Farooq moots UK-Ireland style open border as best solution for Kashmir

The National Conference leader said politicians of India and Pakistan must work to counter the ‘vested interests’ for whom the region is a ‘money-spinner’ through the sale of guns and ammunition.


London: Former Jammu and Kashmir chief minister Farooq Abdullah has proposed an Ireland-style solution of an open border between the UK-governed Northern Ireland and the Irish Republic’s adjacent territory as the best option to resolve the Kashmir issue.

The National Conference (NC) leader, who is here on a visit, said India and Pakistan must realize that there is no military solution to the problem.

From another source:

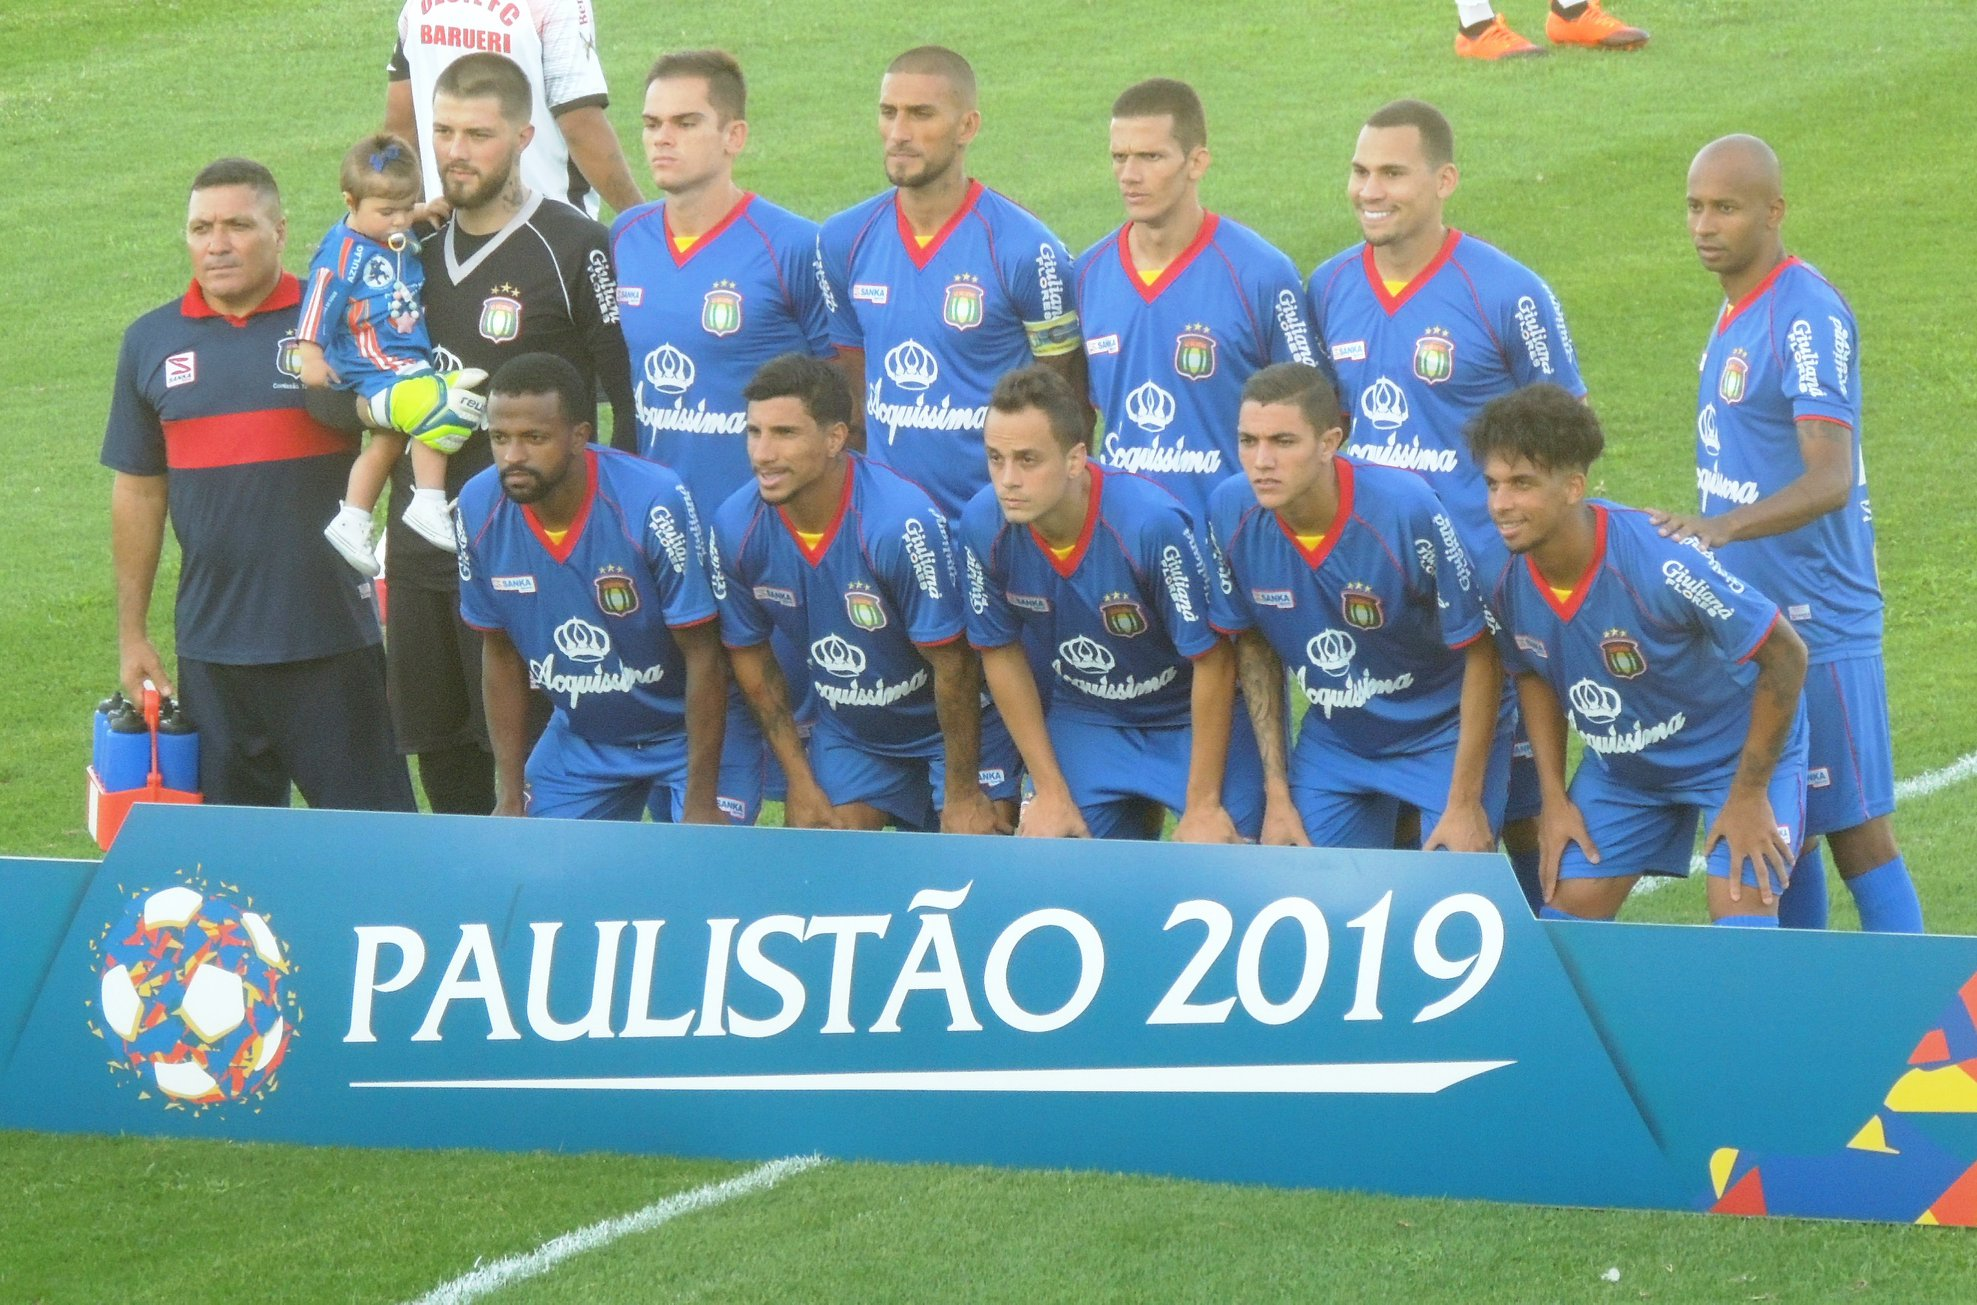 Sao Caetano X Sao Paulo Veja A Provavel Escalacao Do Azulao Para Enfrentar O Tricolor Torcedores Noticias Sobre Futebol Games E Outros Esportes

“Like Ireland, the only roadmap forward is two Kashmirs with an easy border and autonomy,” he said, during a discussion organized by South Asia Institute at the School of Oriental and African Studies in London on Wednesday.
“Kashmir can be solved if both these nations, now nuclear powers, realize that whatever solution has to emerge, everybody will not accept it. But at least 70-80 per cent of people of India, Pakistan, Jammu and Kashmir and Ladakh should accept it,” he said.

The Ireland-style solution refers to the Common Travel Area shared between the UK and neighboring Ireland, dating back to the 1920s. Under the arrangement, citizens of either country require minimal identity documents to travel through each other’s territories.

At the UK launch of ‘The Spy Chronicles: RAW, ISI and the Illusion of Peace’, co-authored by former RAW chief AS Dulat and former ISI chief Lt Gen (retd) Asad Durrani, the Kashmiri leader reiterated that “hard methods” will not win over the hearts of the people in the region.

“Let’s stop fooling each other neither side is going to give up any ground. The only way forward is talks,” he said, adding that leaders on both sides must work to counter the “vested interests” for whom the region is a “money-spinner” through the sale of guns and ammunition.

Describing Abdullah as “the best foreign minister India never had”, Dulat reflected on the book’s key tenets, which include working towards a Kashmir which is a “bridge between India and Pakistan”. “Let’s hope Kashmir becomes an area of cooperation, rather than conflict,” he said.

The former chief of the Research and Analysis Wing and former special director of the Intelligence Bureau also put forward the prospect of greater intelligence cooperation between the two countries as a way forward.